Ce soir-là on respirait l'amère senteur des fèves qui enivre quelques-uns jusqu'à la folie. Le moissonneur s'attardait dans les bois, au parfum des fraises déjà mûres. L'écolière s'amusait, au retour de l'école, à souffler, de ses lèvres virginales, le plantain en fleur qui semblait chevelu et poudré comme un marquis. L'écolier admirait la délicatesse architecturale des chardons; il cueillait le pissenlit hérissé, il se hasardait à sucer le suc de l'ortie, l'ortie dont il comparait la gueule blanche au rabat du prêtre. Tout était joie et fête en ce beau soir. La terre chantait son hymne à Dieu par la voix des hommes, des forêts, des moissons et des oiseaux. Il n'est pas jusqu'au champ de pommes de terre qui ne livrât au vent l'odeur plébéienne de ses vertes ramures, étoilées çà et là de ces humbles fleurs dédaignées que nulle main blanche n'a cueillies et que nulle muse n'a chantées.—Je vous salue, ô pommes de terre, vertes espérances des Spartiates futurs!
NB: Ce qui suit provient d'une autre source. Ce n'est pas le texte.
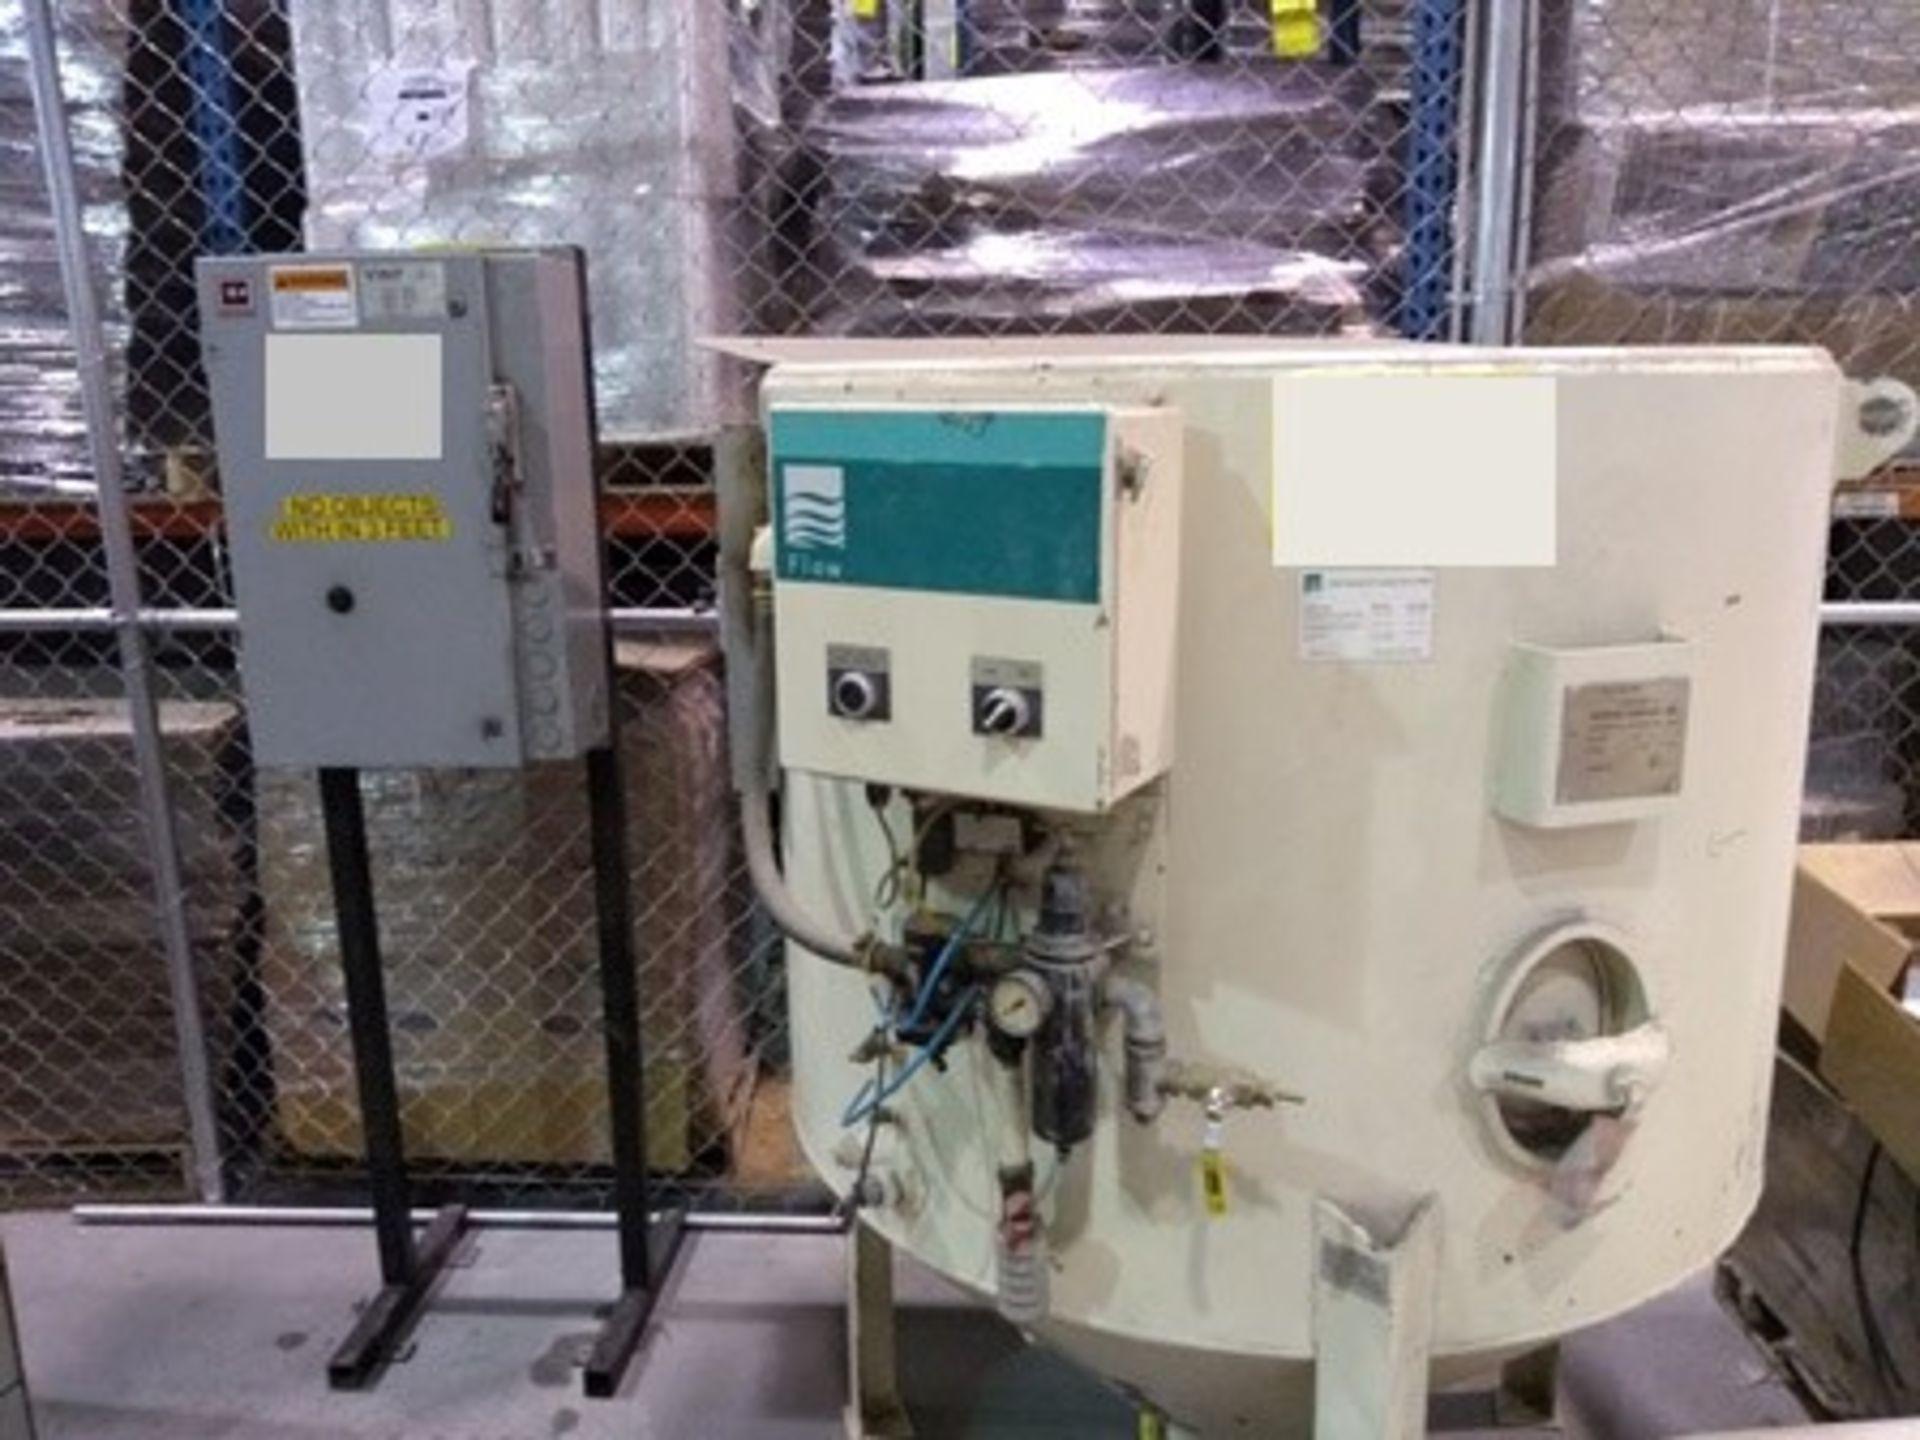 Lot 14 - Flow Waterknife 7x, Intensifier Waterjet Pump: 60,000 PSI Operating Pressure, Mawp 483 kpg, ser …

Georges, après avoir côtoyé une haie de sureaux et d'aubépines où le liseron suspendait ses clochettes blanches et roses, s'arrêta soudainement à la grille d'un parc touffu qui cachait à demi la façade Louis XVI du château de Margival, dont le parc était surnommé, on ne sait pas bien pourquoi, le Parc aux Grives, peut-être parce que la vigne grimpait sur tous les arbres et que les grives y venaient en belles compagnies au temps de la vendange.

Le château de Margival est un des plus jolis du Soissonnais; un peu moins, ce serait une simple villa, mais, un peu plus, ce serait un château princier, tant l'architecte a bien marqué le style dans cette oeuvre en pierre de la fin du XVIIIe siècle.

Dans ce château souvent abandonné, M. de Margival amenait tous les ans sa fille Valentine, qui était encore au Sacré-Coeur. Mais comme c'était déjà une vraie demoiselle, on quittait Paris avant les vacances, pour passer trois à quatre mois dans cette belle solitude.

M. de Margival s'y trouvait bien, en souvenir de sa femme qu'il avait adorée et qui était morte jeune.

Le pays où on a été malheureux de son bonheur est toujours un pays d'élection.

Mlle de Margival ne s'y trouvait pas mal, quoiqu'elle fût peu éprise de la solitude.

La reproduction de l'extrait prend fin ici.